Zambia's Chinese-owned copper plant workers strike

Date 2011/3/26 10:00:39 | Topic: Zambia

20110325
Reuters

LUSAKA (Reuters) - More than 600 workers at Zambia's Chinese-owned Chambishi Copper Smelter have downed tools demanding a pay rise, bringing production at the plant to a halt, a union official said on Friday.
Chambishi, a joint venture of China Nonferrous Metals Corporation (CNMC) and Yunnan Copper Industry about 370 km north of Lusaka, processes 150,000 tonnes of blister copper per annum.

Mundia Sikufele, president of the National Union of Mining and Allied Workers, said the strike started on Thursday after the management offered a 12 percent pay rise, which the workers rejected.
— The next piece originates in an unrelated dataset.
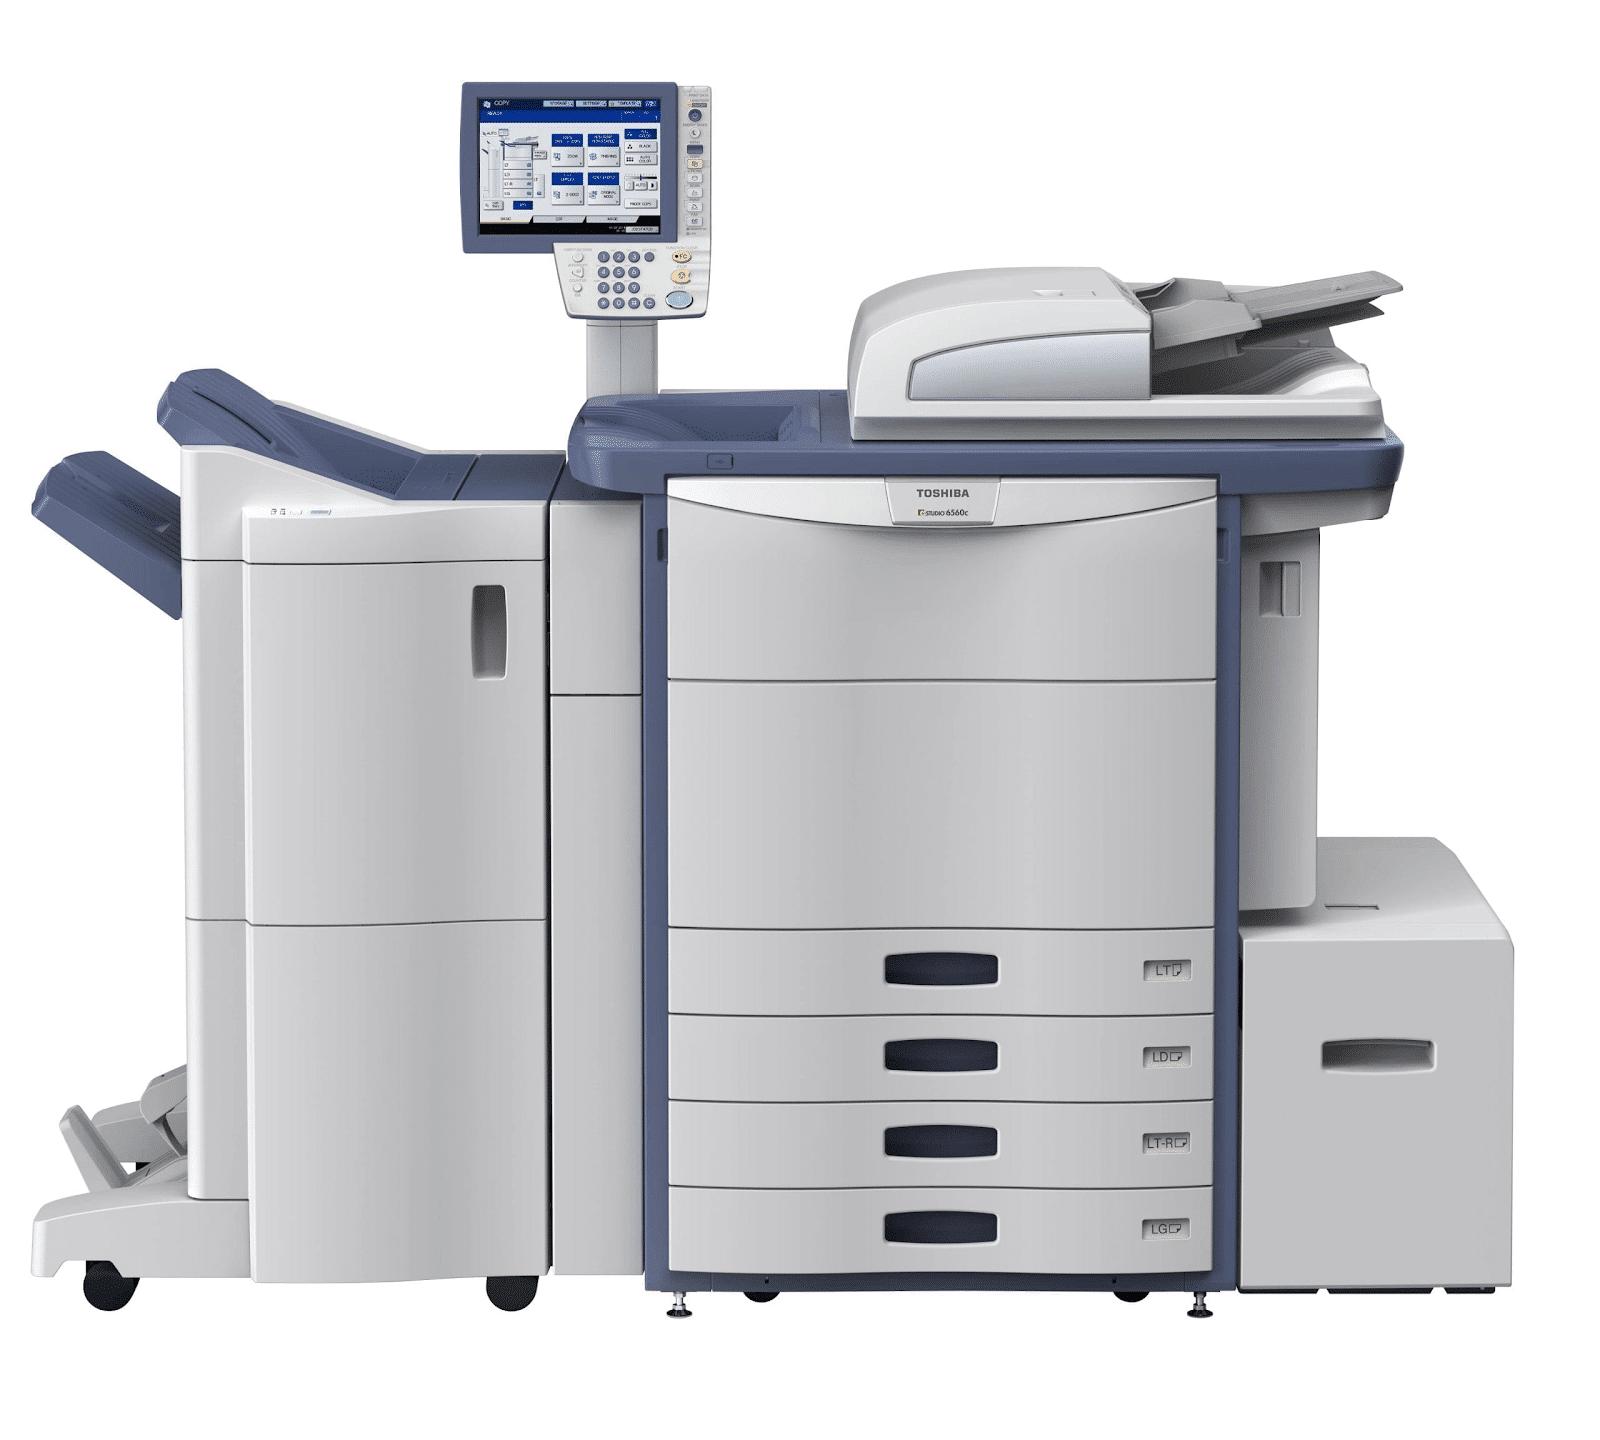 Máy photocopy công ty Đa Phú Quý

"There is no production because the workers did not enter the plant yesterday and even today they are outside demanding for a higher offer," Sikufele said.

Sikufele could not say how much the workers are demanding.

"The management has indicated readiness to renegotiate on condition that the workers call off the strike immediately," Sikufele said.

First Quantum Minerals' Kansanshi mine and Chibuluma mine, owned by South Africa's Metorex, last year joined Equinox Minerals' Lumwana mine in using Chambishi for processing copper concentrates.

The Chambishi smelter is located in an economic zone, where Zambian authorities are waiving taxes to attract investments and encourage value addition to raw copper.